Mr Ulusoy does not mention Turkey’s two biggest industrial conglomerates by name [Koç and Sabanci], but delights in pointing out OYAK’s superior performance over the past few years. The fund earned more money than Koç, which has between 1.5 and 2 times the assets, and Sabanci, which has four times OYAK’s approximately $9bn in assets.

In 2003, OYAK earned pre-tax profits of TL661,400bn, equal to YTL661.4m ($473m), representing a 39.2% increase in the value of each member’s share. Looking at the first-half results for 2004, with full-year results due soon, Mr Ulusoy insists that OYAK would achieve a record 40% for the year. The fund also topped the previous year’s performance, when inflation was double that of 2004. Consumer price inflation in Turkey dropped to single digits last year for the first time in more than three decades.

 Levy on forces

OYAK’s funds initially come from a compulsory 10% levy on the base salary of Turkey’s 197,000 serving officers who, together with 25,000 current pensioners, make up its members. With headquarters in Ankara, the fund has equity investments concentrated in the automotive, cement, financial, food and service sectors.
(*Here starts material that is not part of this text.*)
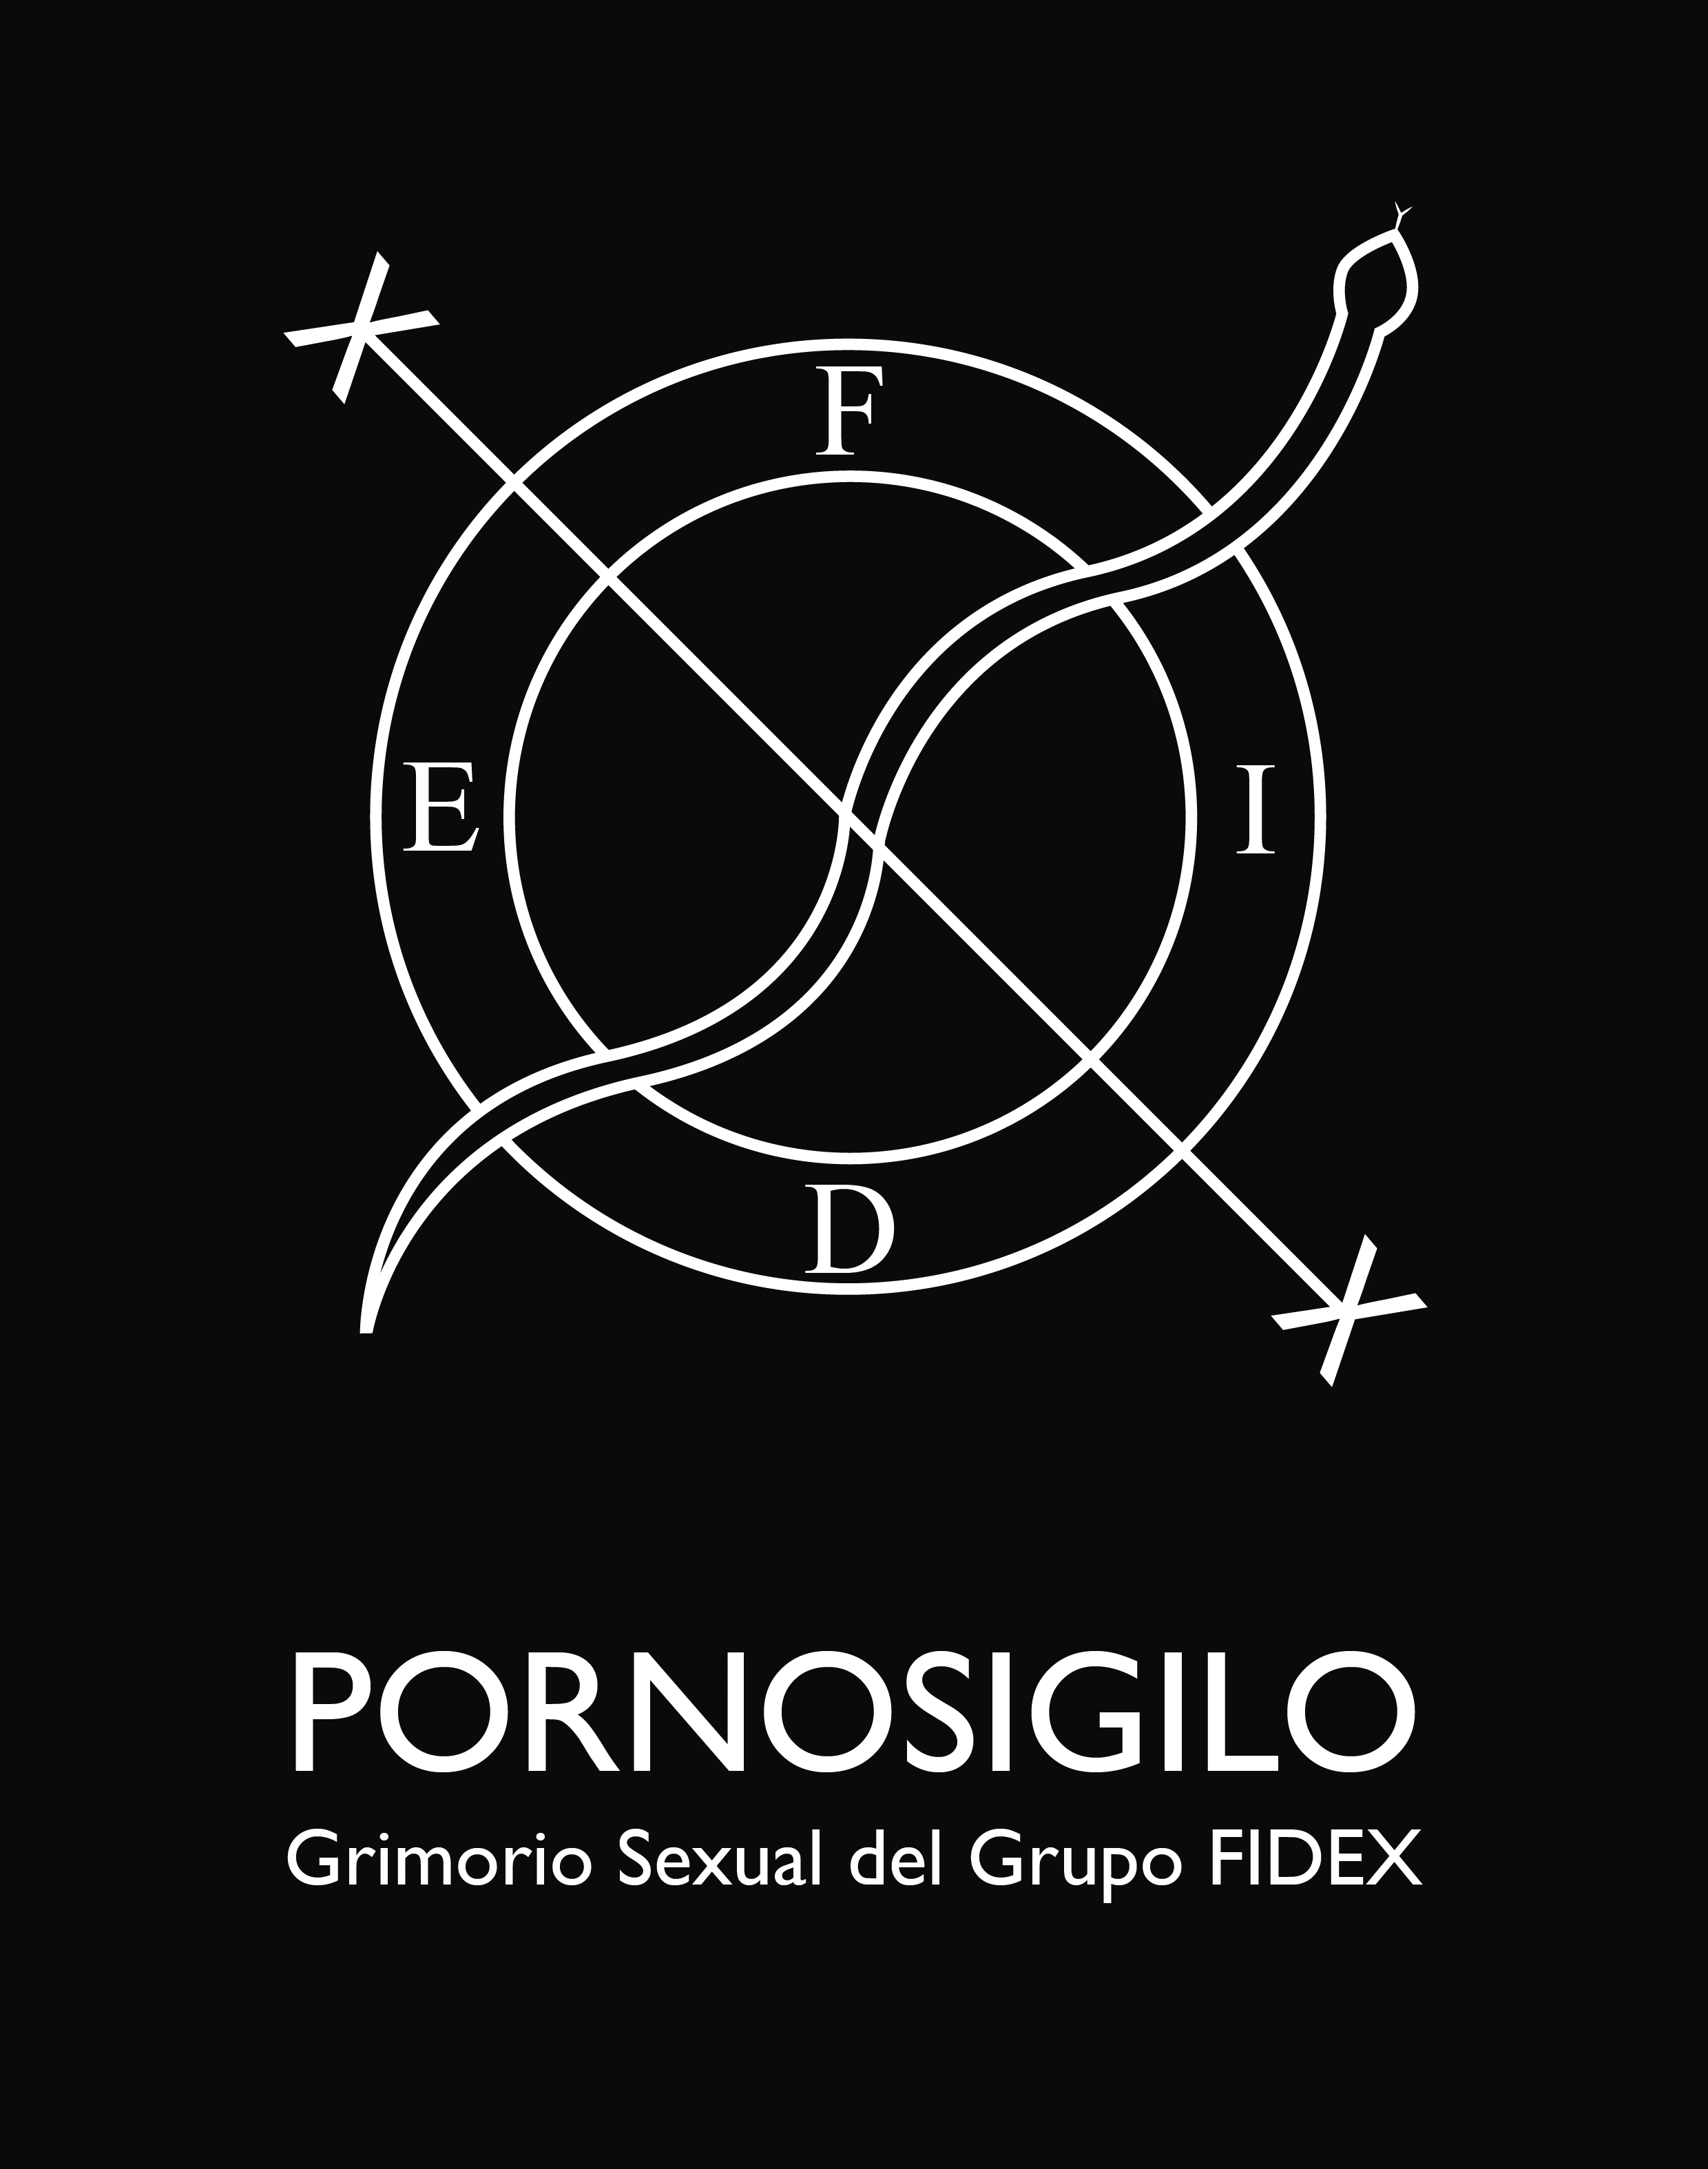 pornosigilo - FIDEX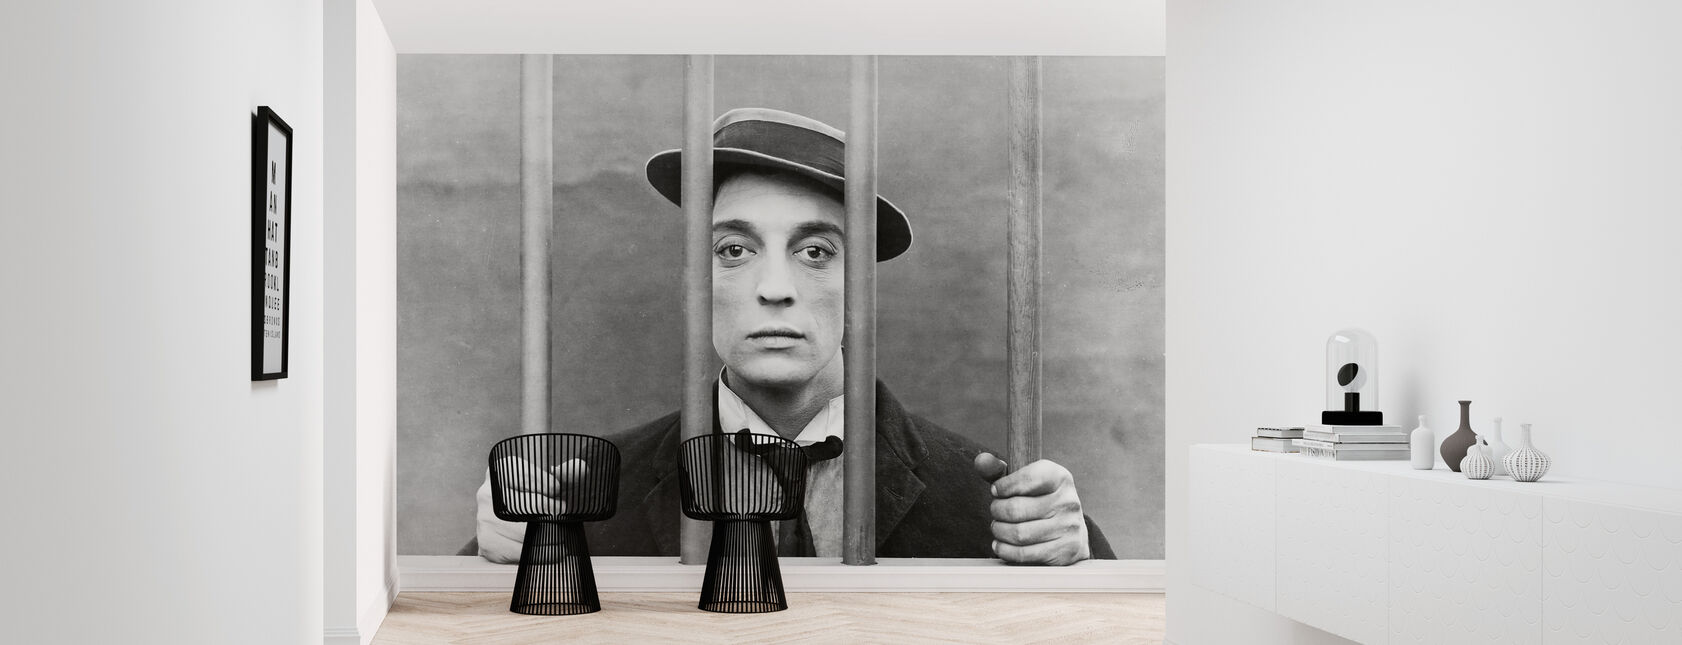 Goat - Buster Keaton - Wallpaper - Hallway

Many joint ventures are with well-known international names such as Renault and AXA.

The secret to Mr Ulusoy’s success is “good long-range planning”, he says. After learning the ins and outs of Turkish finance at the helm of the country’s largest bank, Ziraat Bankasi, in the early 1990s and then discovering the private sector with Koç, in 2000 he brought all he had to bear on the hitherto closed shop of OYAK.

 End of closed shop

The fund previously issued no reports, had no one audit its books, did not follow international accounting standards and so had no rating. Mr Ulusoy tackled each in turn, and last year in January the fund took out its first loan, borrowing $115m in a syndicated loan to finance part of the purchase of a coal-fired power plant in Iskenderun, in partnership with Essen-based STEAG. They followed that up with a second borrowing of $125m in November, then paid off the earlier loan in full in January 2005.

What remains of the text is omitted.